Le bilan est désastreux. Surprenant, non ?
Qu’est-ce qui explique donc notre impression inverse d’être ultra-efficace dans ces moments de haute activité ?
Réactivité ou productivité ?
Tout d’abord, le fait de courir dans les sens REMPLIT l’espace et le temps. Et on peut facilement en conclure que si j’ai consacré tout mon temps à certaines tâches, j’ai nécessairement été productif. Il s’agit-là d’un glissement qui s’opère entre activité et productivité. Or, ce n’est pas parce que j’ai été en mouvement que j’ai été efficace.
Au bureau par exemple, vous avez peut-être un(e) collègue qui s’agite, que vous voyez passer régulièrement dans les couloirs, ou qui est toujours occupé(e) au téléphone, avec ses emails etc. Or ce mouvement perpétuel peut-être plus une agitation qu’une réelle action productive.
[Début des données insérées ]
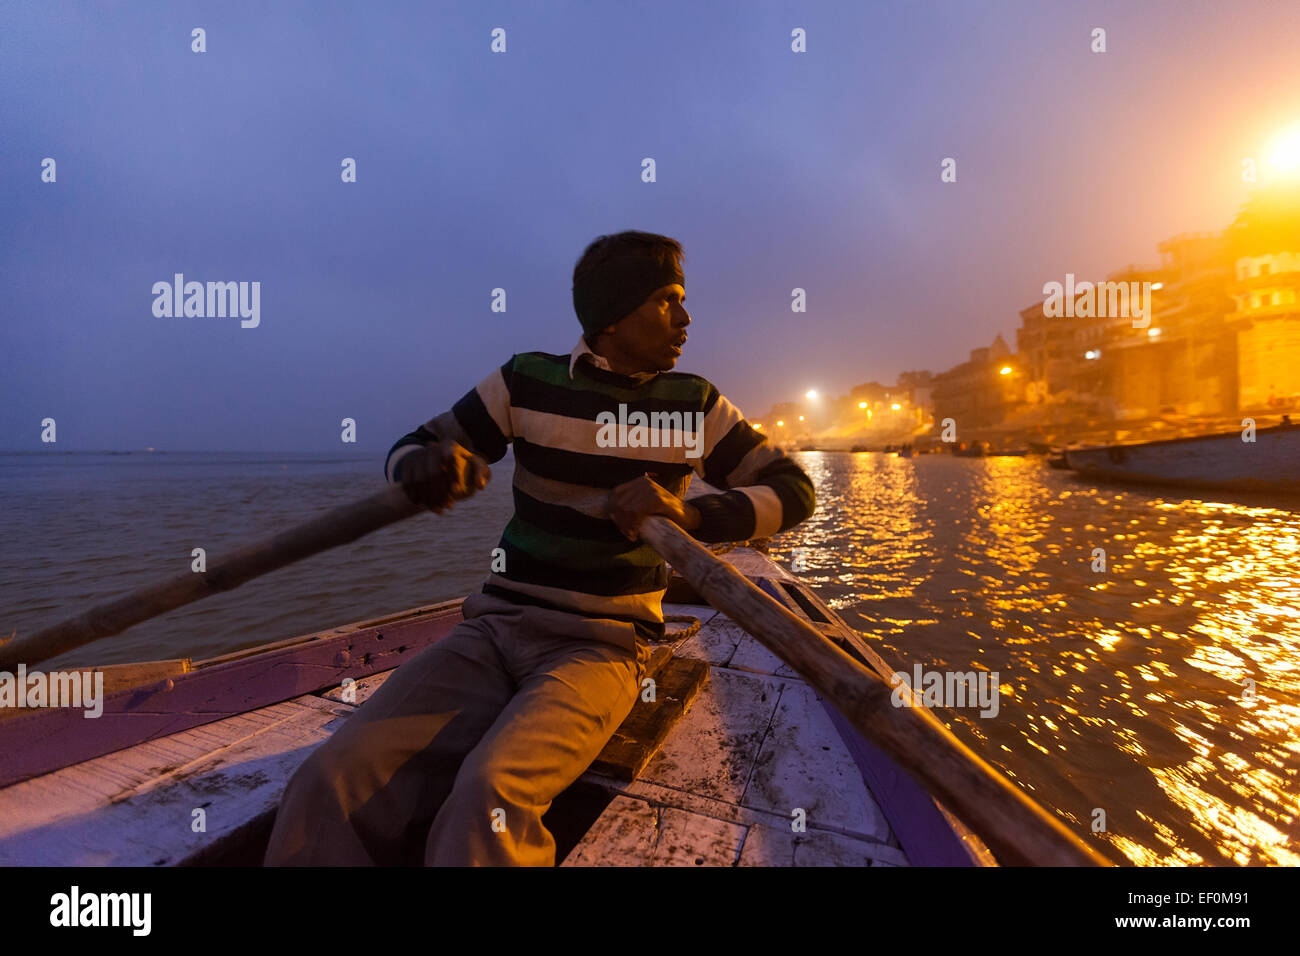 VARANASI, INDE - 05 janvier, 2015 : un homme l'aviron en bois d'un bateau de tourisme sur le Gange juste avant le lever du soleil. Banque D'Images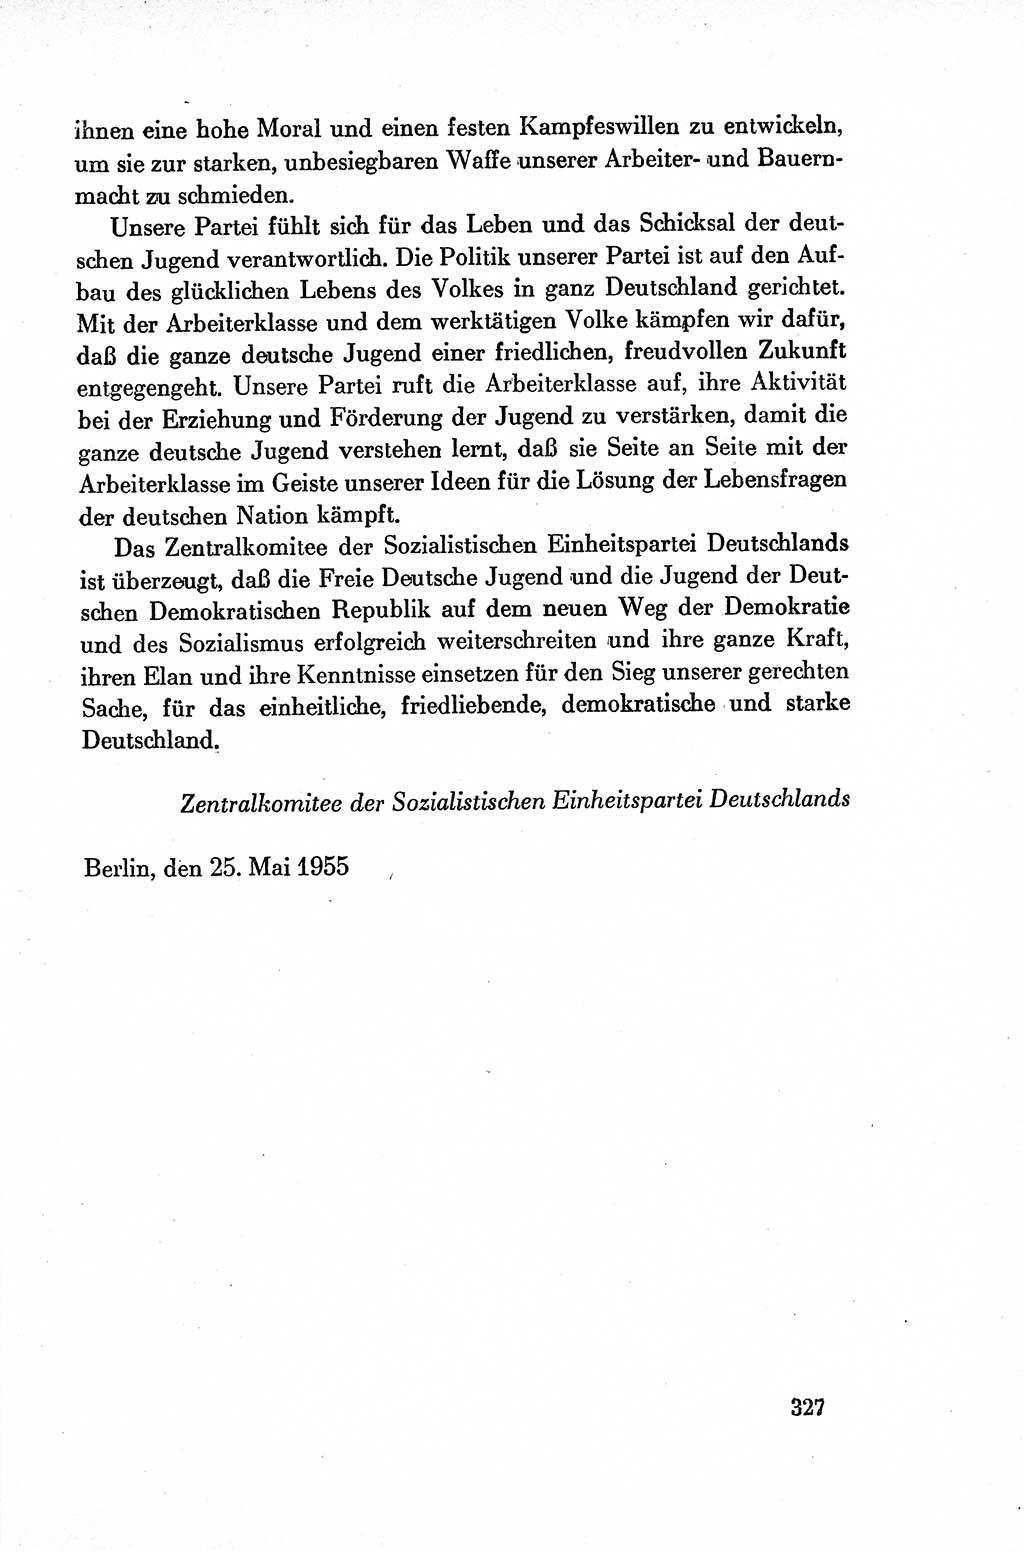 Dokumente der Sozialistischen Einheitspartei Deutschlands (SED) [Deutsche Demokratische Republik (DDR)] 1954-1955, Seite 327 (Dok. SED DDR 1954-1955, S. 327)

Dans cette situation, l’activisme extérieur est alors une sorte de Canada Dry : ça ressemble à de la productivité à s’y méprendre, mais ce n’est qu’une illusion d’efficacité. Je peux en effet avoir mobilisé beaucoup d’énergie et obtenir un résultat très faible. Je peux aussi avoir travaillé plus lentement, avec des pauses régulières, en m’attelant à une seule tâche à la fois, et finalement atteindre une productivité beaucoup grande.
C’est que nous enseigne aussi la Loi 80/20 de Pareto : 20% de mes actions produisent 80% des résultats visés. Inutile donc de s’agiter. Au contraire, il est beaucoup efficace de se poser et de déterminer quelles sont les 20% d’actions qui seront les plus efficaces et lâcher les autres qui seront des actions « parasites » sans effet réellement impactant sur le résultat.
Pour en lire davantage sur cette question d’efficacité au quotidien, vous pouvez consulter cet autre article : https://objectif-nouvelle-vie.fr/la-semaine-de-4-heures-ou-les-12-principes-de-tim-ferriss/
Bref, comme tout excès en général, l’excès d’actions est néfaste : mieux vaut se concentrer sur un minimum d’actions ciblées, de façon posée et avec un maximum de concentration, que de s’éparpiller en voulant tout faire mais plus vite et moins bien. Or cette philosophie de vie est totalement contraire à nos habitudes modernes et à tous nos outils de communication qui nous poussent à être en contact permanent avec tout, et à ne surtout pas ralentir ni couper. La suractivité aujourd’hui est plutôt valorisée. Etre visible partout, être au courant de tout, suivre l’actualité à chaque instant, être joignable à tout moment… et must du must : être réactif !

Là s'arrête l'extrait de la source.